I loved this final section of the book. At around 300pp it's the length of a novel on its own & the narrative is more coherent with just one storyline. It's full of interest & tragedy from the fate of the Uji sisters to the contrast between Kaoru & Niou.

Religion is also an important factor. Characters often long to leave the world & enter the religious life & many do so. The supernatural in the form of evil spirits & possession is ever-present & there are several exorcisms where the evil spirits speak to the monks who are trying to remove them. I also loved the descriptions of the countryside & the weather. The details of dress, the correct colours to wear for mourning or at different times of the year, were all fascinating. The book creates a complete world that it was a real delight to disappear into for hours at a time. I read the Penguin Deluxe edition translated by Royall Tyler & the notes & line drawings were a real help in visualising Genji's world & understanding the allusions in the text. I can definitely imagine rereading Genji & next time I'll try a different translation.

My only problem now is what to read next! I often feel this way after reading a long book that was as absorbing as this one. I'm still listening to The Romanovs & reading Leon Roch with the 19th century group but I need something else. I've been picking books up & putting them down for a few days now but nothing has really grabbed me. Maybe some short stories? Something completely different is called for although that won't be difficult as there's nothing else quite like The Tale of Genji.

Sunday, July 24, 2016

Sunday Poetry - John Clare

The UK seems to be experiencing a hot summer this year & many people are enjoying the heat. It's the middle of winter here & I'm loving the cold & the rain but, each to their own!
I thought I would celebrate the warmth of summer for those of you in the North with this poem, Summer Tints, by John Clare.
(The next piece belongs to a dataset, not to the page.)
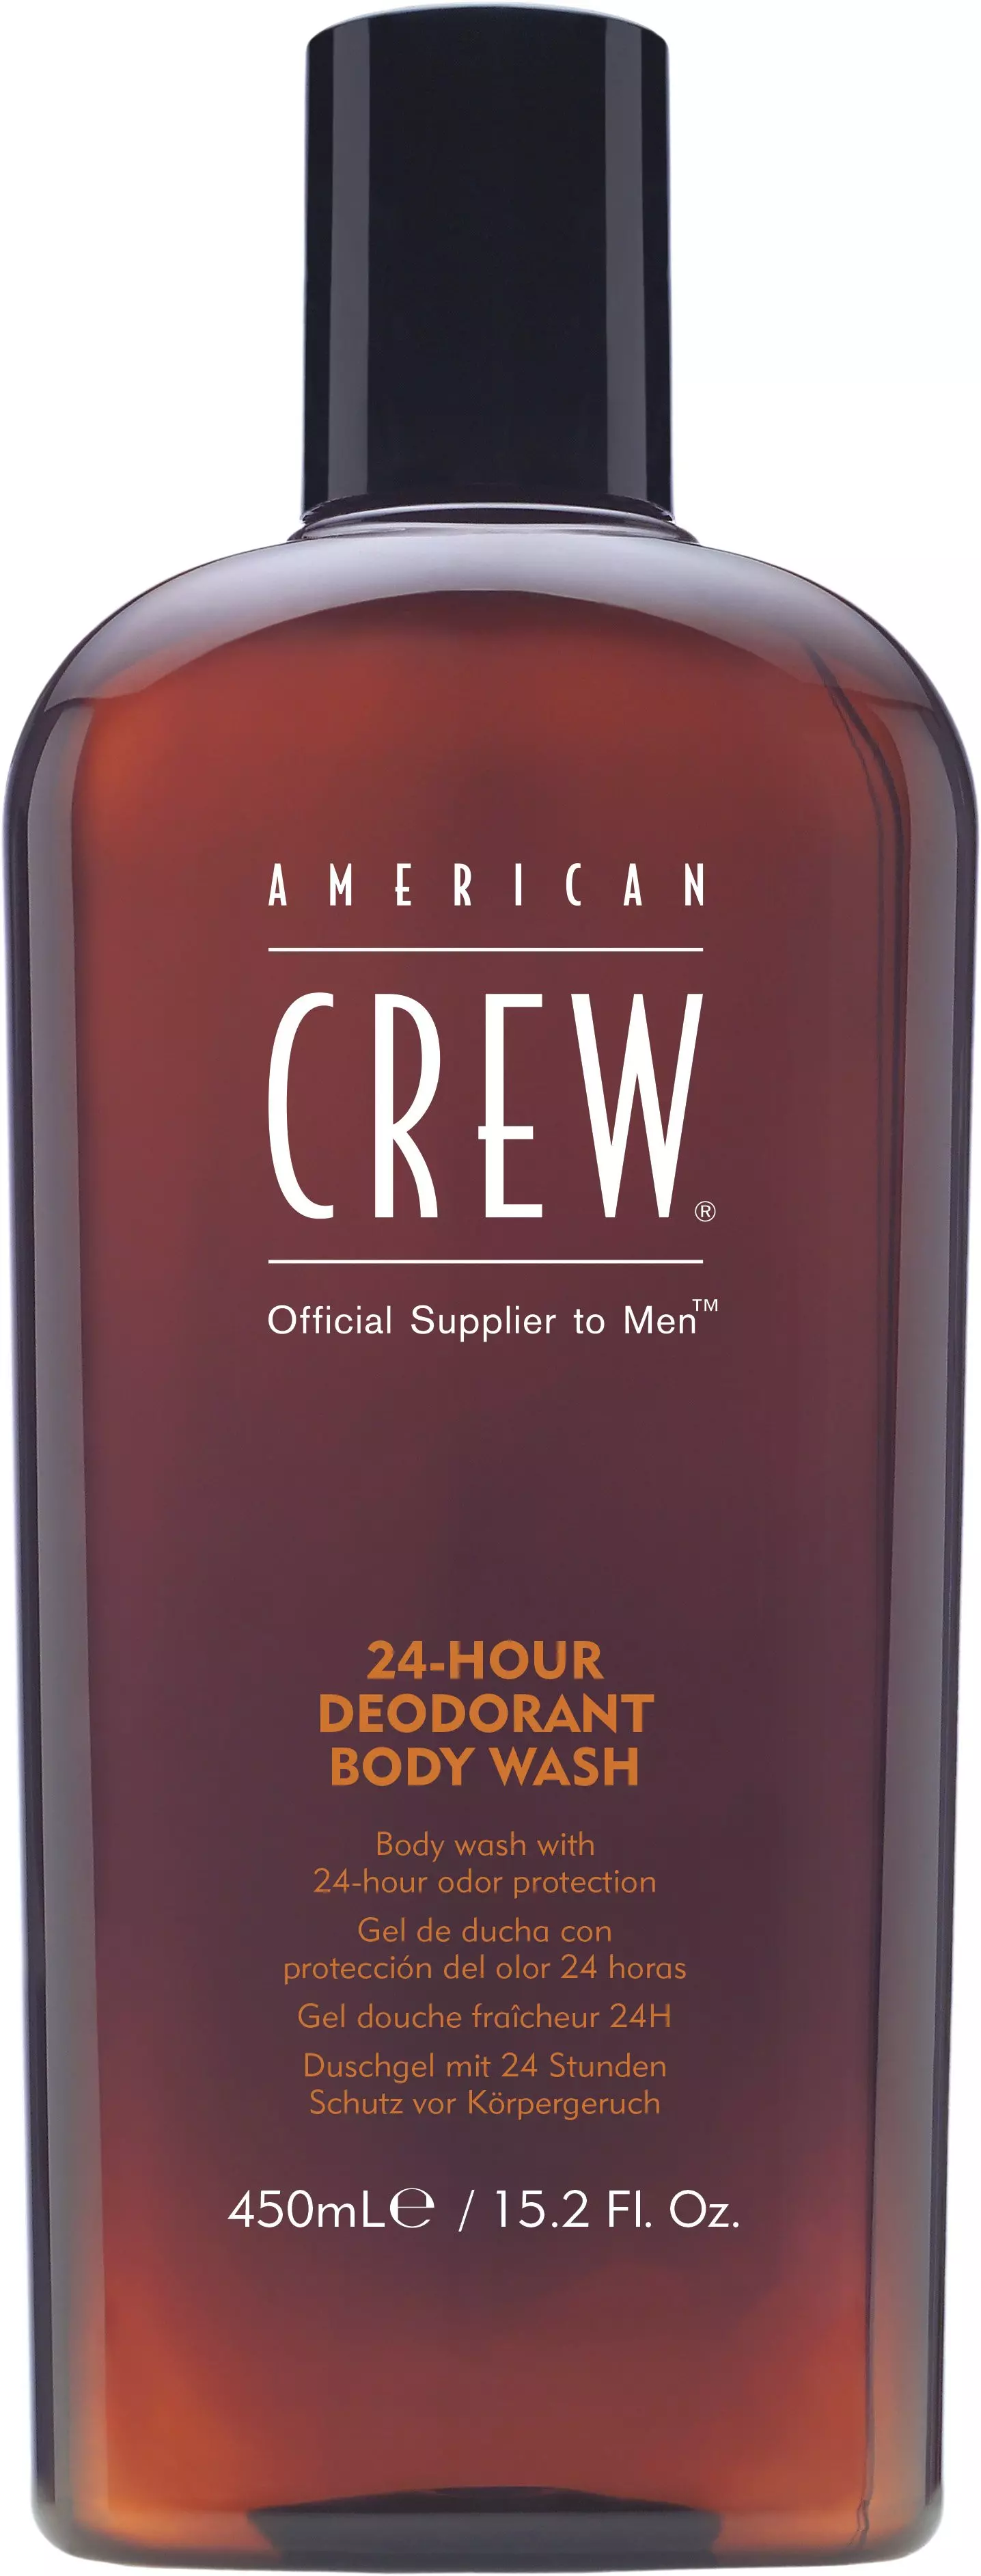 American Crew -Hour Deodorant Body Wash

How sweet I've wander'd bosom-deep in grain,
When Summer's mellowing pencil sweeps his shade
Of ripening tinges o'er the checquer'd plain:
Light tawny oat-lands with a yellow blade;
And bearded corn, like armies on parade;
Beans lightly scorch'd, that still preserve their green;
And nodding lands of wheat in bleachy brown;
And streaking banks, where many a maid and clown
Contrast a sweetness to the rural scene,--
Forming the little haycocks up and down:
While o'er the face of nature softly swept
The ling'ring wind, mixing the brown and green
So sweet, that shepherds from their bowers have crept,
And stood delighted musing o'er the scene
.

For those of us in the South or for anyone not enjoying the hot weather, here's Emmonsail's Heath in Winter.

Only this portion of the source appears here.